The basic functions are:

start(vm_name)

start the virtual machine with specified name

stop(vm_name, deallocate)

stop the virtual machine with specified name

resume(vm_name)

resume the suspended virtual machine with specified name

suspend(vm_name)

suspend the running virtual machine with specified name

destroy(vm_name)

destroy the virtual machine with specified name

list()

list all virtual machine in your cloud service account

status(vm_name)

show the working status of virtual machine with specified name

info(vm_name)

show all information about the virtual machine with specified name

get_public_ips(vm_name)

return the public ip of the virtual machine with specified name

set_public_ip(vm_name, public_ip)

set the public ip for the virtual machine with specified name

remove_public_ip(vm_name)

remove the public ip from virtual machine with specified name

Next we list some sample of running these functions for virtual machines in AWS, Azure and Openstack.

AWS VM Operations (Yu)

Before using the AWS Vm code, user has to update their AWS information into cloudmesh.yaml file in etc folder.

The Libcloud library has enough methods to support the operations for managing virtual machines in AWS. We use a cloudmesh-cloud/vm/Aws.py to create the driver based on the configuration to connect to AWS.
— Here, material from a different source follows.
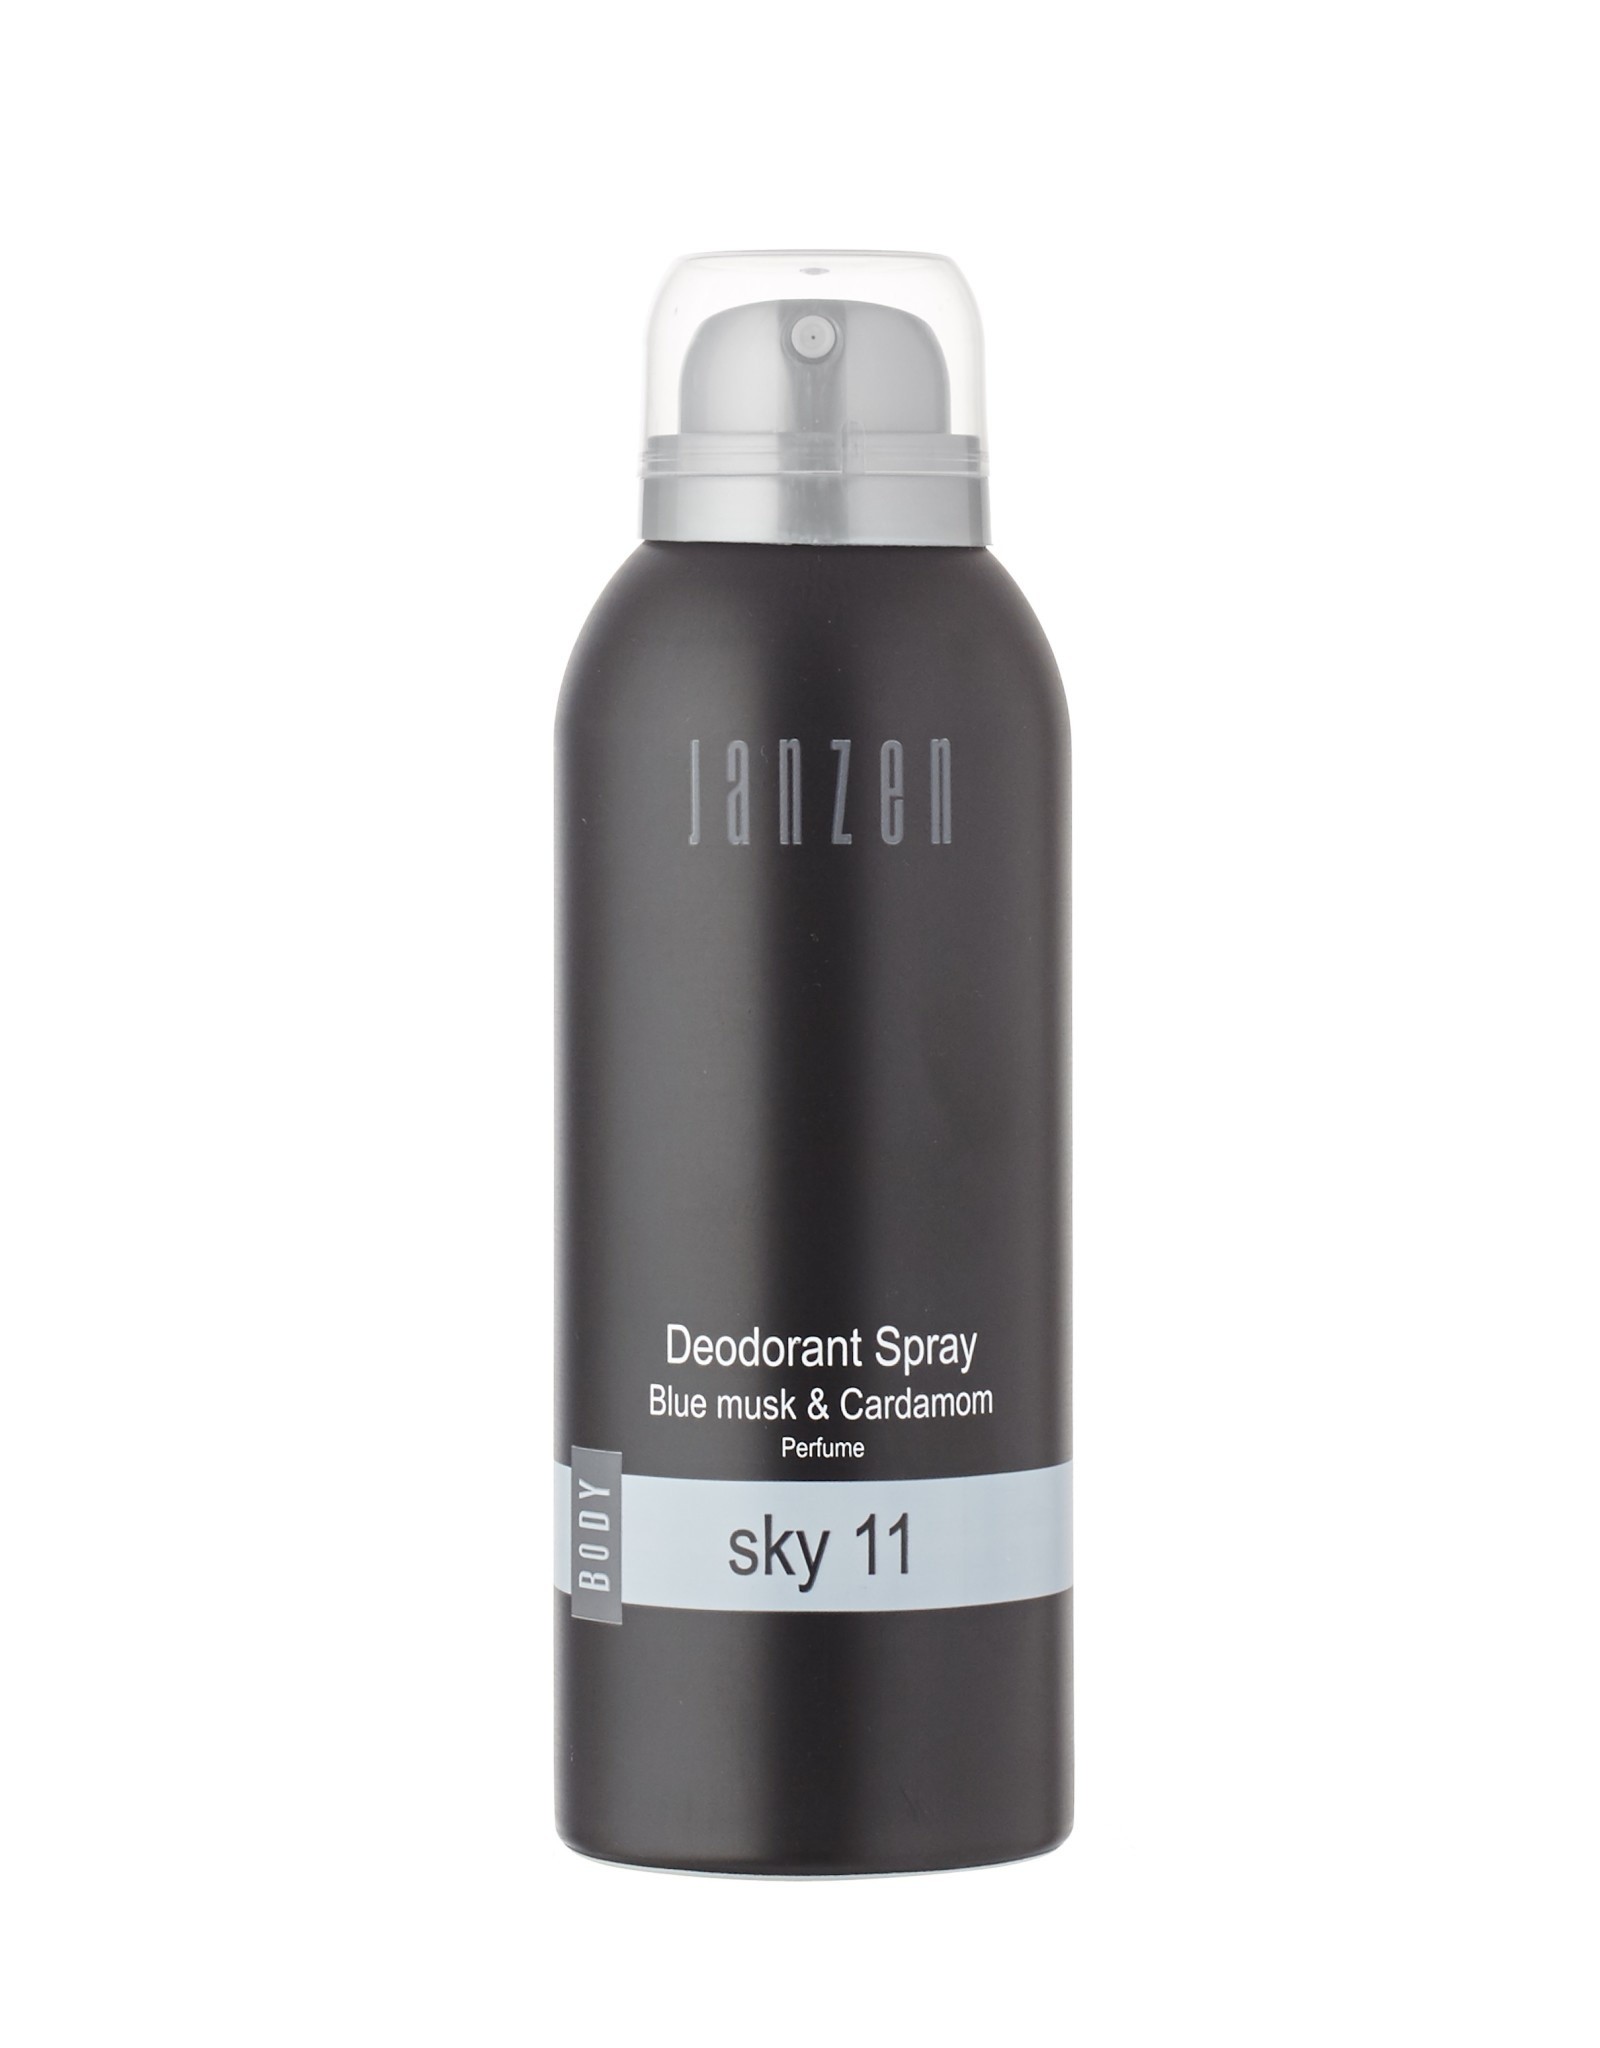 JANZEN Deodorant Spray 150ml SKY 11 - JANZEN
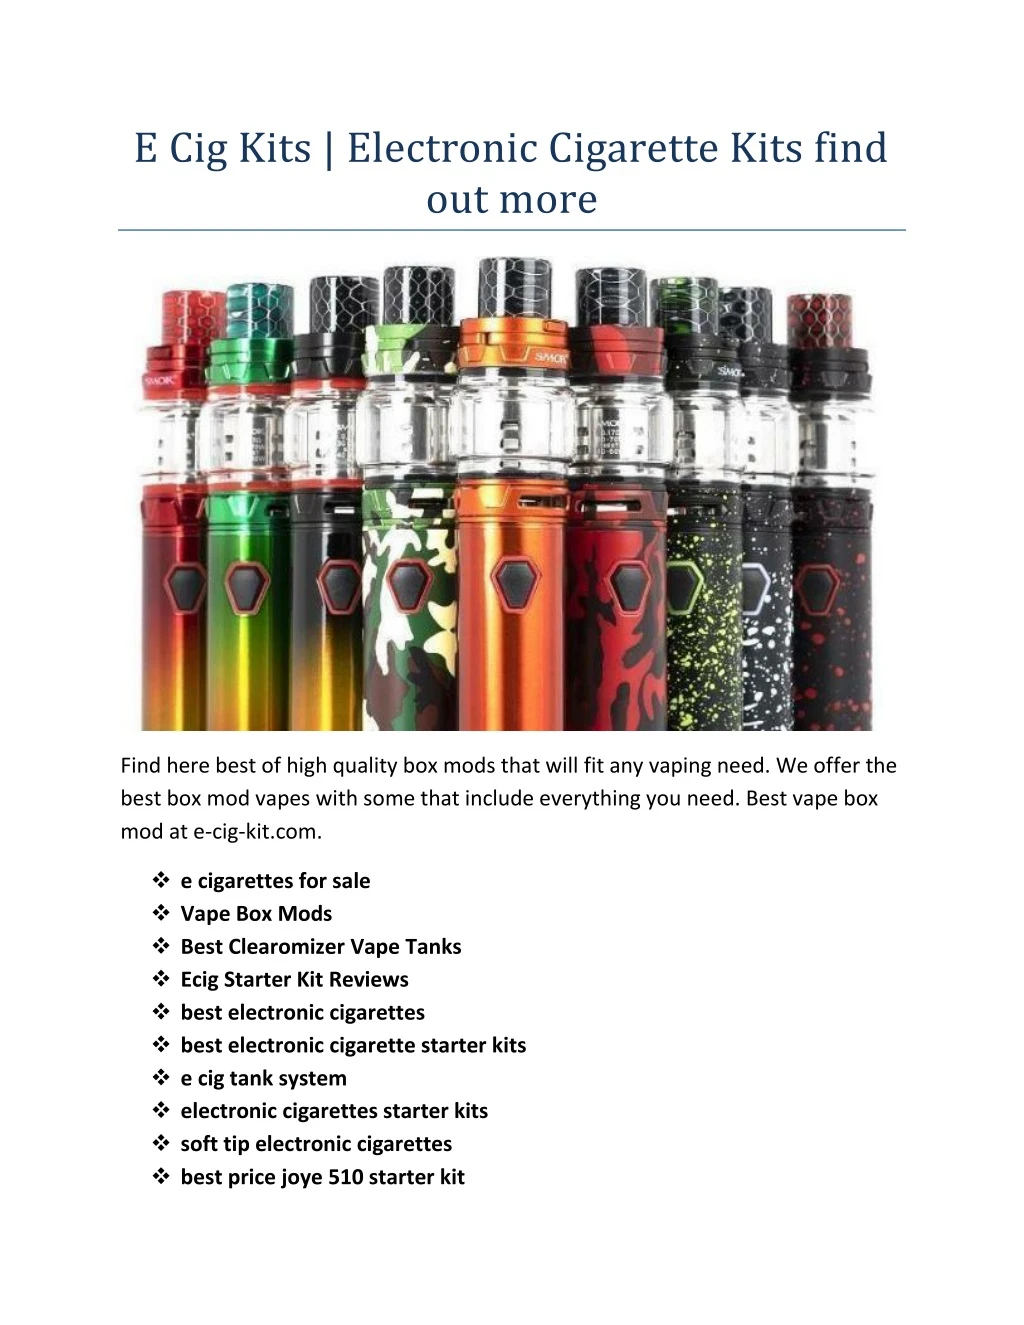 e cig kits electronic cigarette kits find out more

Inherit the Libcloud library, we did some modifications on AWSDriver to extend the operation. The create_node method would create a virtual machine in AWS based on the configuration of cloudmesh.yaml file

Here are some samples for running these operations by using cloudmesh-cloud:

First, user would create the virtual machine in AWS.

$ cms vm create
Collection(Database(MongoClient(host=['127.0.0.1:27017'],
           document_class=dict, tz_aware=False, connect=True),
           'cloudmesh'), 'cloud')
Thread: updating the status of node
Created base-cloudmesh-yuluo-4
PING 52.39.13.229 (52.39.13.229): 56 data bytes

--- 52.39.13.229 ping statistics ---
1 packets transmitted, 0 packets received, 100.0% packet loss

VM Refactoring

In addition, in order to offer more flexibilities to our users, we also developed vmrefactor (cloudmesh-cloud/vm/VmRefactor.py) to allow users to customize the flavors of their running instances and services in different providers.

resize(vm_name, size)

resize the virtual machine with specified size object

confirm_resize(vm_name)

some providers requires confirmation message to complete resize() operation

revert(vm_name)

revert a resize operation. Revert the virtual machine to previous status

rename(vm_name, newname)

rename the virtual machine

rebuild(vm_name, image)

rebuild the virtual machine to another image/OS with image object.

Currently, major providers usually charge users according to their usage. It might be finacially wise sometimes to shift between different service size to reduce unnecessary cost. VmRefactor is designed based on this idea to help users to achieve higher cost efficiency. VmRefactor can also help users navigate thier management tasks especially when they have many different tasks on the run=.